WORK TO COMPLETE:
Set down again exactly the lines of the listing below that fall between the line holding "nicischwab-prints-02-006" and the line holding "Gol 🎯 55 Asist", inclusive.

AVAILABLE RECORDS:
=== Section Start ===
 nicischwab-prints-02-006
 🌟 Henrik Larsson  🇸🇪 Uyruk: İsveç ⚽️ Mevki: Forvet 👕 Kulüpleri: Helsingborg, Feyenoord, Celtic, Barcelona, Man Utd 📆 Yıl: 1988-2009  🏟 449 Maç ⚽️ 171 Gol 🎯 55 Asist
=== Section End ===
=== Section Start ===
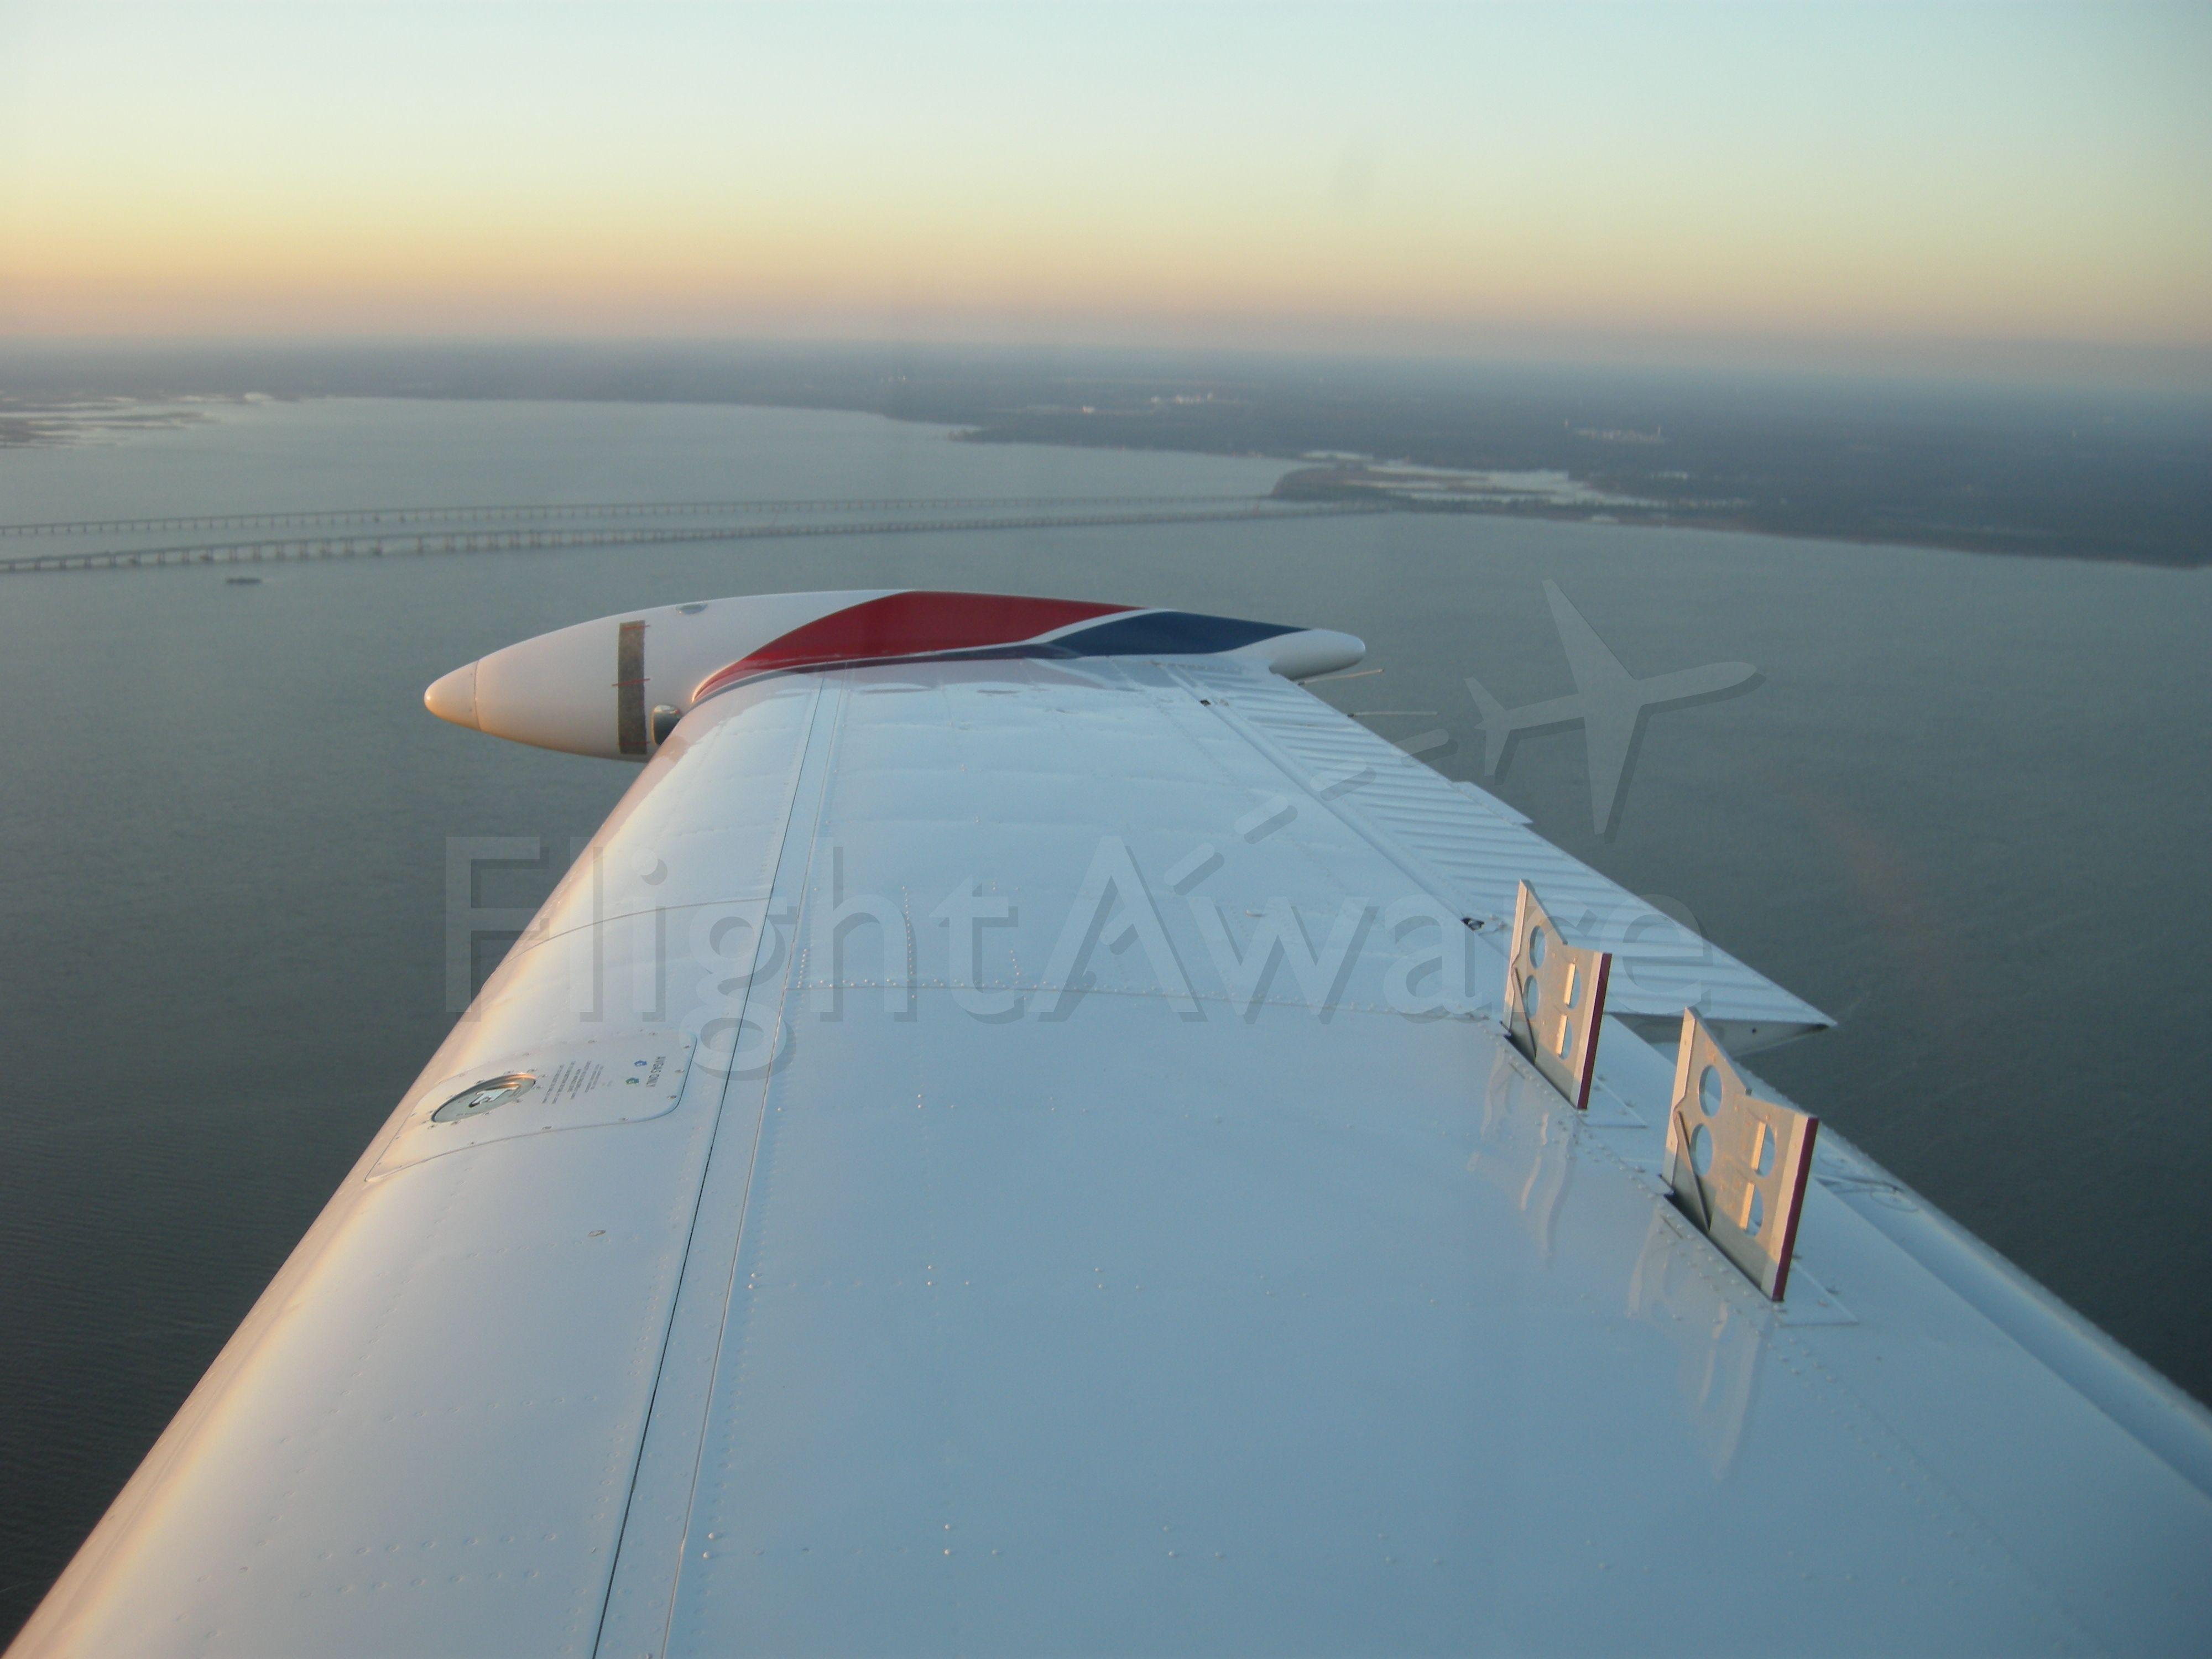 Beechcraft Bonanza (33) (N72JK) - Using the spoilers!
=== Section End ===
=== Section Start ===
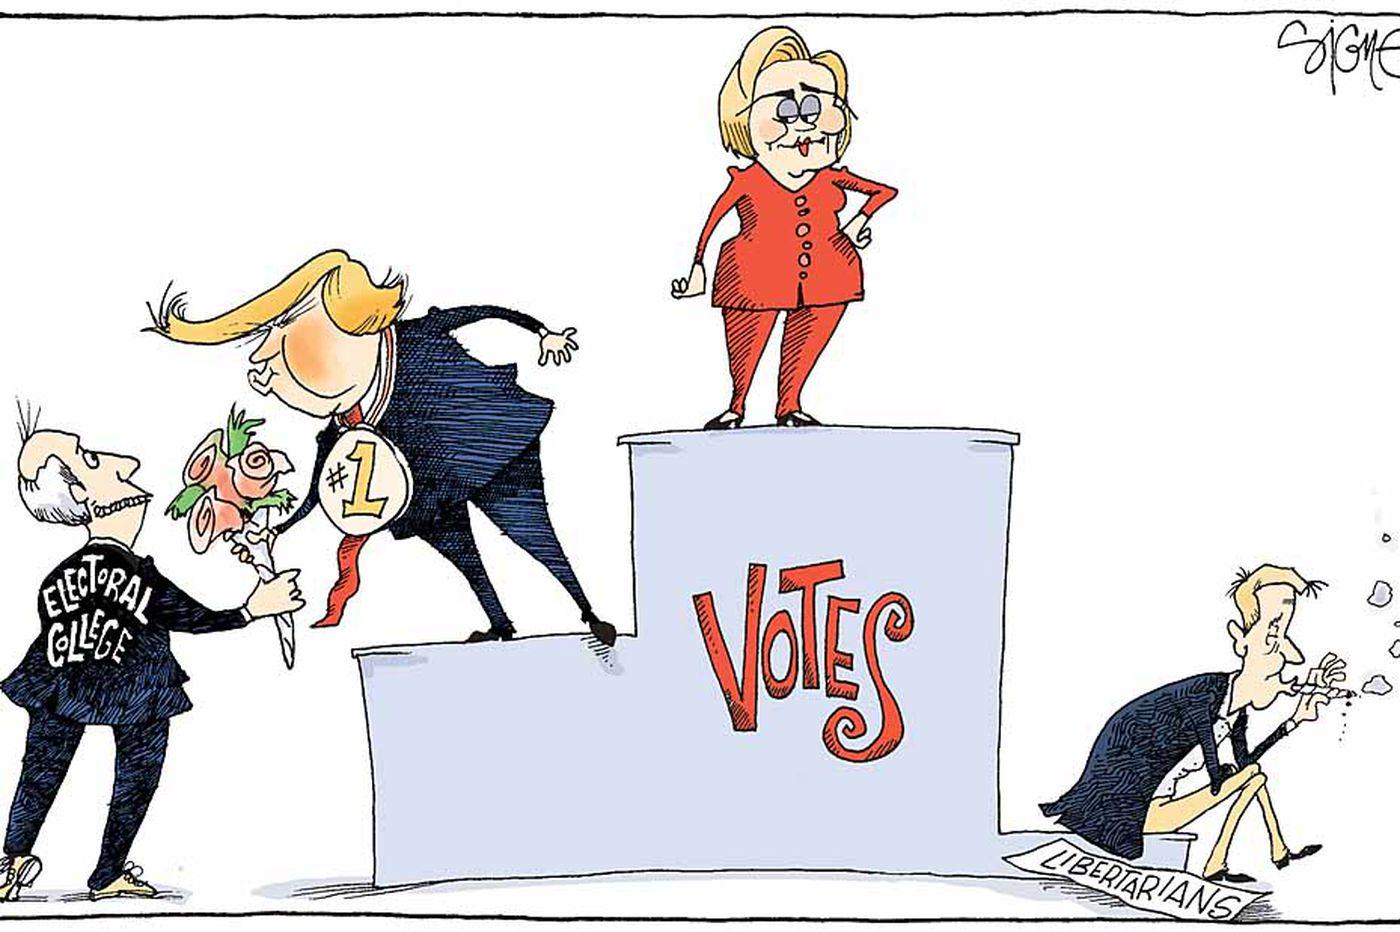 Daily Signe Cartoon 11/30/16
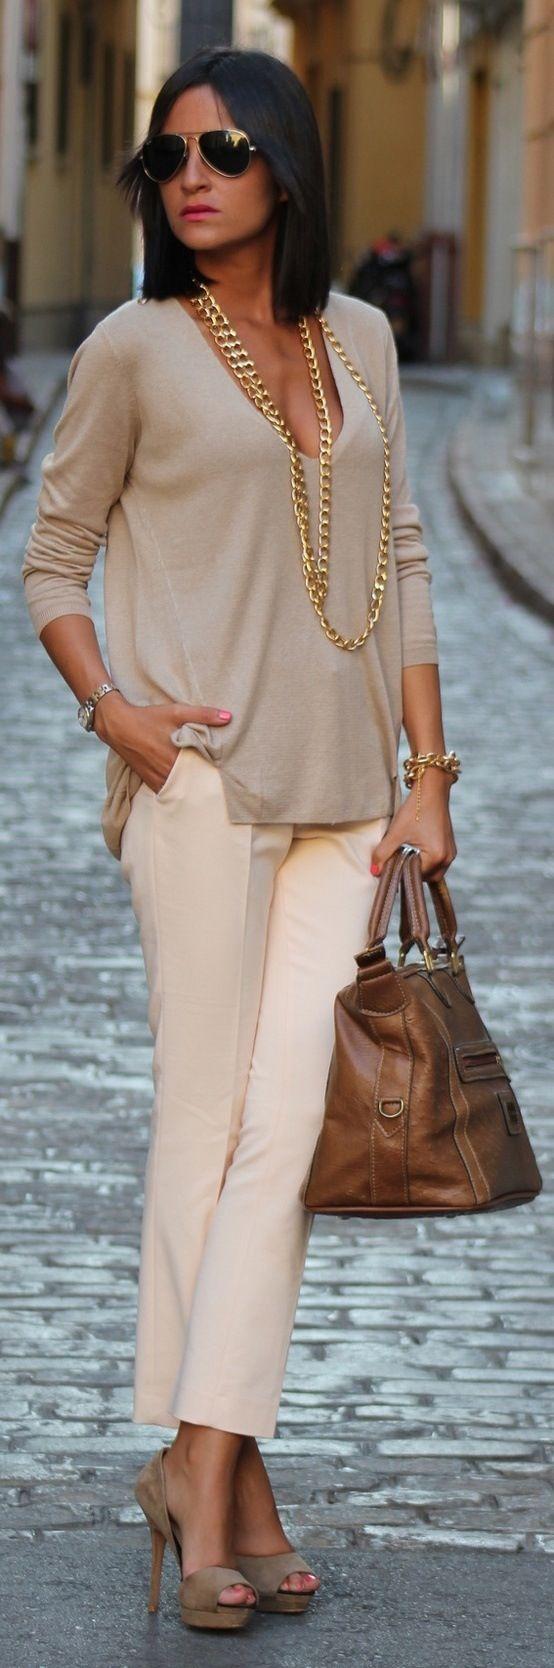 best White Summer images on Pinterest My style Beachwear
=== Section End ===
REPLY TO THE TASK:
 nicischwab-prints-02-006
 🌟 Henrik Larsson  🇸🇪 Uyruk: İsveç ⚽️ Mevki: Forvet 👕 Kulüpleri: Helsingborg, Feyenoord, Celtic, Barcelona, Man Utd 📆 Yıl: 1988-2009  🏟 449 Maç ⚽️ 171 Gol 🎯 55 Asist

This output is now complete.